In the past, people traveling in ships would hang a yellow quarantine flag if one or more of the crew members suffered from cholera. Passengers from boats with a yellow flag hung would not be allowed to disembark at any harbor for an extended period, typically 30 to 40 days.[46] In modern international maritime signal flags, the quarantine flag is yellow and black.
Historically many different claimed remedies have existed in folklore. In the 1854–1855 outbreak in Naples homeopathic Camphor was used according to Hahnemann.[47] While T. J. Ritter's "Mother's Remedies" book lists tomato syrup as a home remedy from northern America. While elecampagne was recommended in the United Kingdom according to William Thomas Fernie [48]
Cholera Morbus
The term Cholera Morbus was used in the 19th and early 20th centuries to describe both nonepidemic cholera and other gastrointestinal diseases (sometimes epidemic) that resembled cholera. The term is not in current use, but is found in many older references.[49] The other diseases are now known collectively as gastroenteritis.
Research
The Russian-born bacteriologist Waldemar Haffkine developed the first cholera vaccine around 1900. The bacterium had been originally isolated 45 years earlier (1855) by Italian anatomist Filippo Pacini, but its exact nature and his results were not widely known.
One of the major contributions to fighting cholera was made by the physician and pioneer medical scientist John Snow (1813–1858), who in 1854 found a link between cholera and contaminated drinking water.[50] Dr. Snow proposed a microbial origin for epidemic cholera in 1849. In his major "state of the art" review of 1855, he proposed a substantially complete and correct model for the etiology of the disease. In two pioneering epidemiological field studies, he was able to demonstrate human sewage contamination was the most probable disease vector in two major epidemics in London in 1854.[51] His model was not immediately accepted, but it was seen to be the more plausible, as medical microbiology developed over the next 30 years or so.
Cities in developed nations made massive investment in clean water supply and well-separated sewage treatment infrastructures between the mid-1850s and the 1900s. This eliminated the threat of cholera epidemics from the major developed cities in the world. In 1883, Robert Koch identified V. cholerae with a microscope as the bacillus causing the disease.[52]
Robert Allan Phillips, working at the US Naval Medical Research Unit Two in Southeast Asia, evaluated the pathophysiology of the disease using modern laboratory chemistry techniques and developed a protocol for rehydration. His research lead the Lasker Foundation to award him its prize in 1967.[citation needed]
Cholera has been a laboratory for the study of evolution of virulence. The province of Bengal in British India was partitioned into West Bengal and East Pakistan in 1947. Prior to partition, both regions had cholera pathogens with similar characteristics.

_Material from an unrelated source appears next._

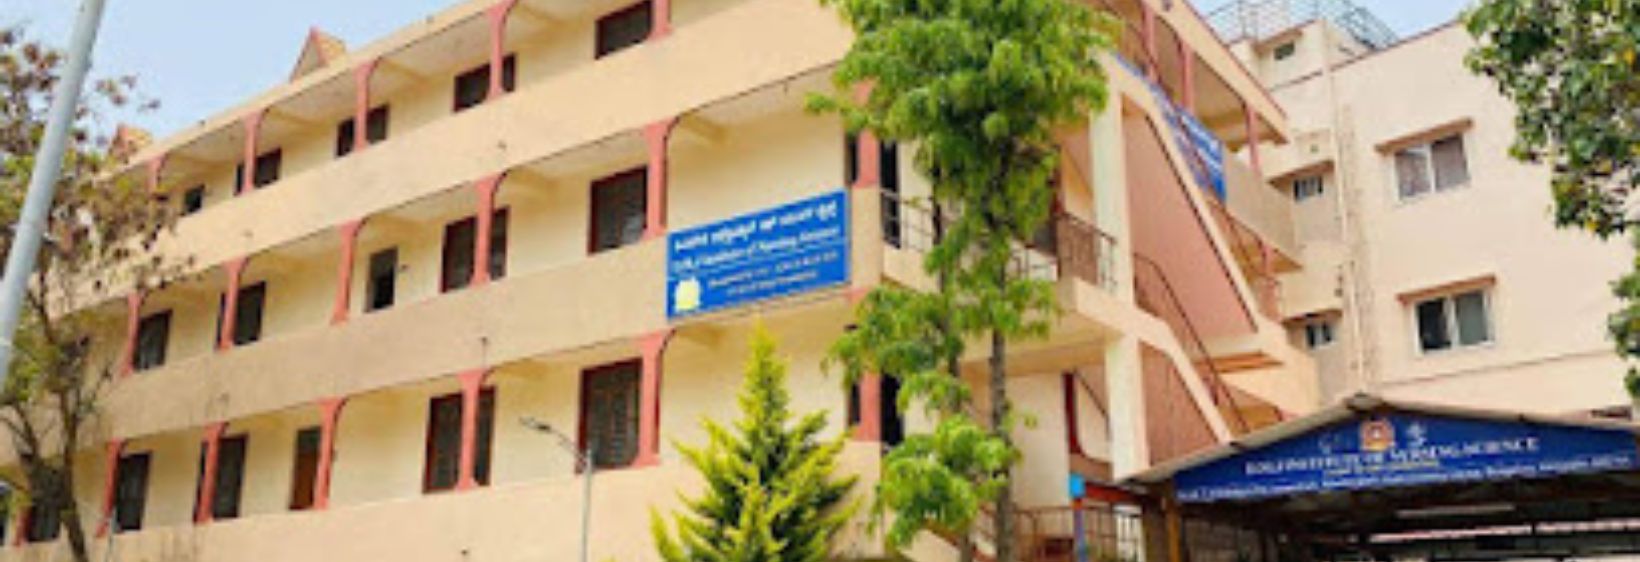 D M J Institute of Nursing - Bangalore
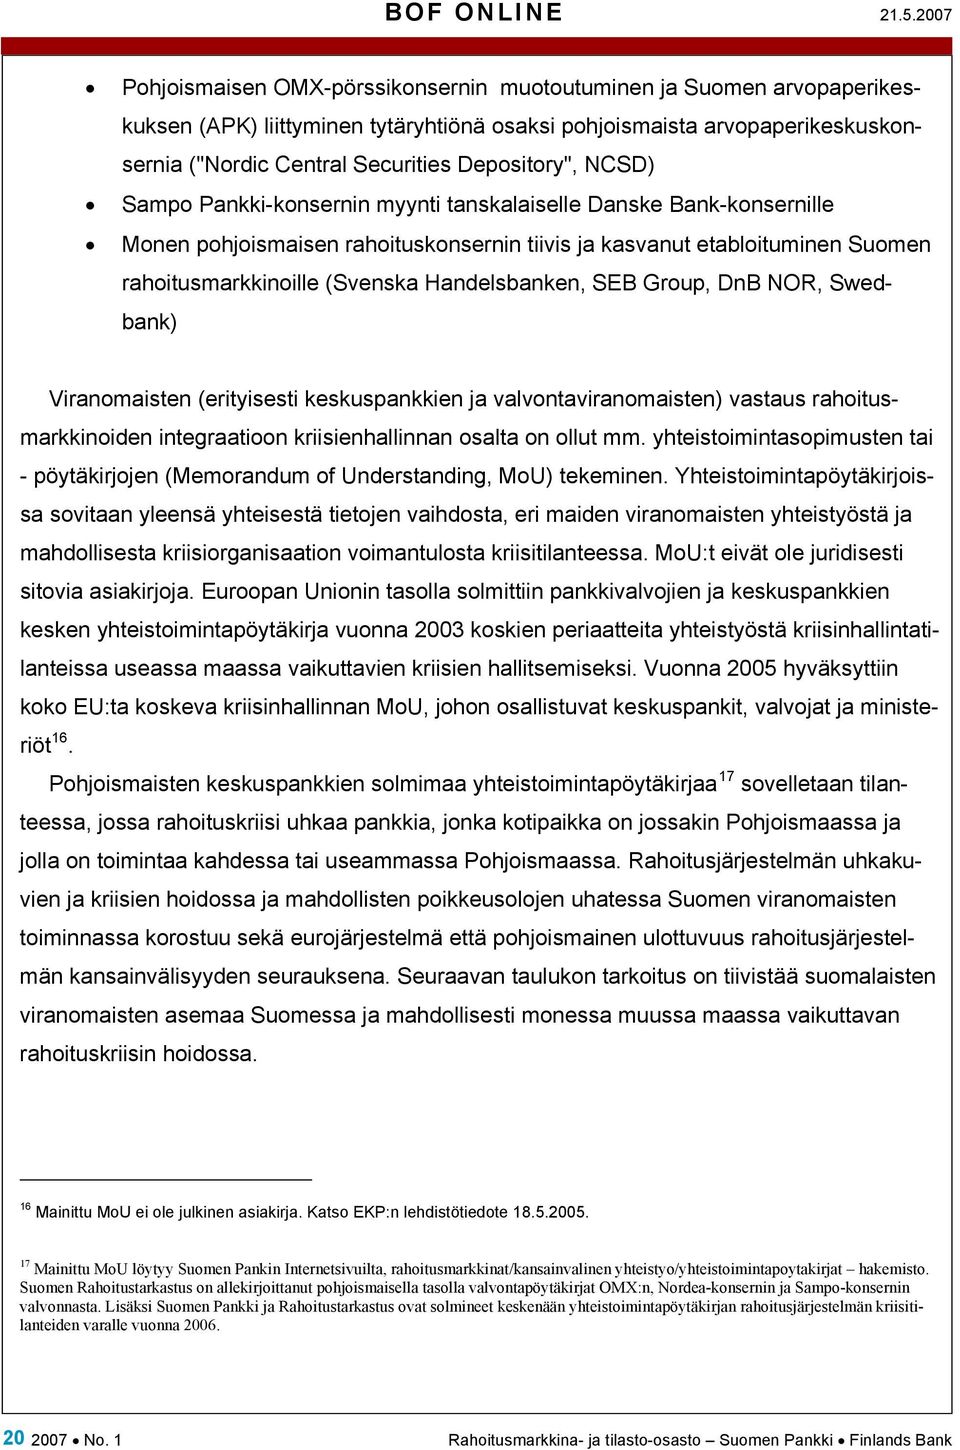 Depository", NCSD) Sampo Pankki-konsernin myynti tanskalaiselle Danske Bank-konsernille Monen pohjoismaisen rahoituskonsernin tiivis ja kasvanut etabloituminen Suomen rahoitusmarkkinoille (Svenska

After 1947, India made more progress on public health than East Pakistan (now Bangladesh). As a consequence,[clarification needed] the strains of the pathogen that succeeded in India had a greater incentive in the longevity of the host. They have become less virulent than the strains prevailing in Bangladesh. These draw upon the resources of the host population and rapidly kill many victims.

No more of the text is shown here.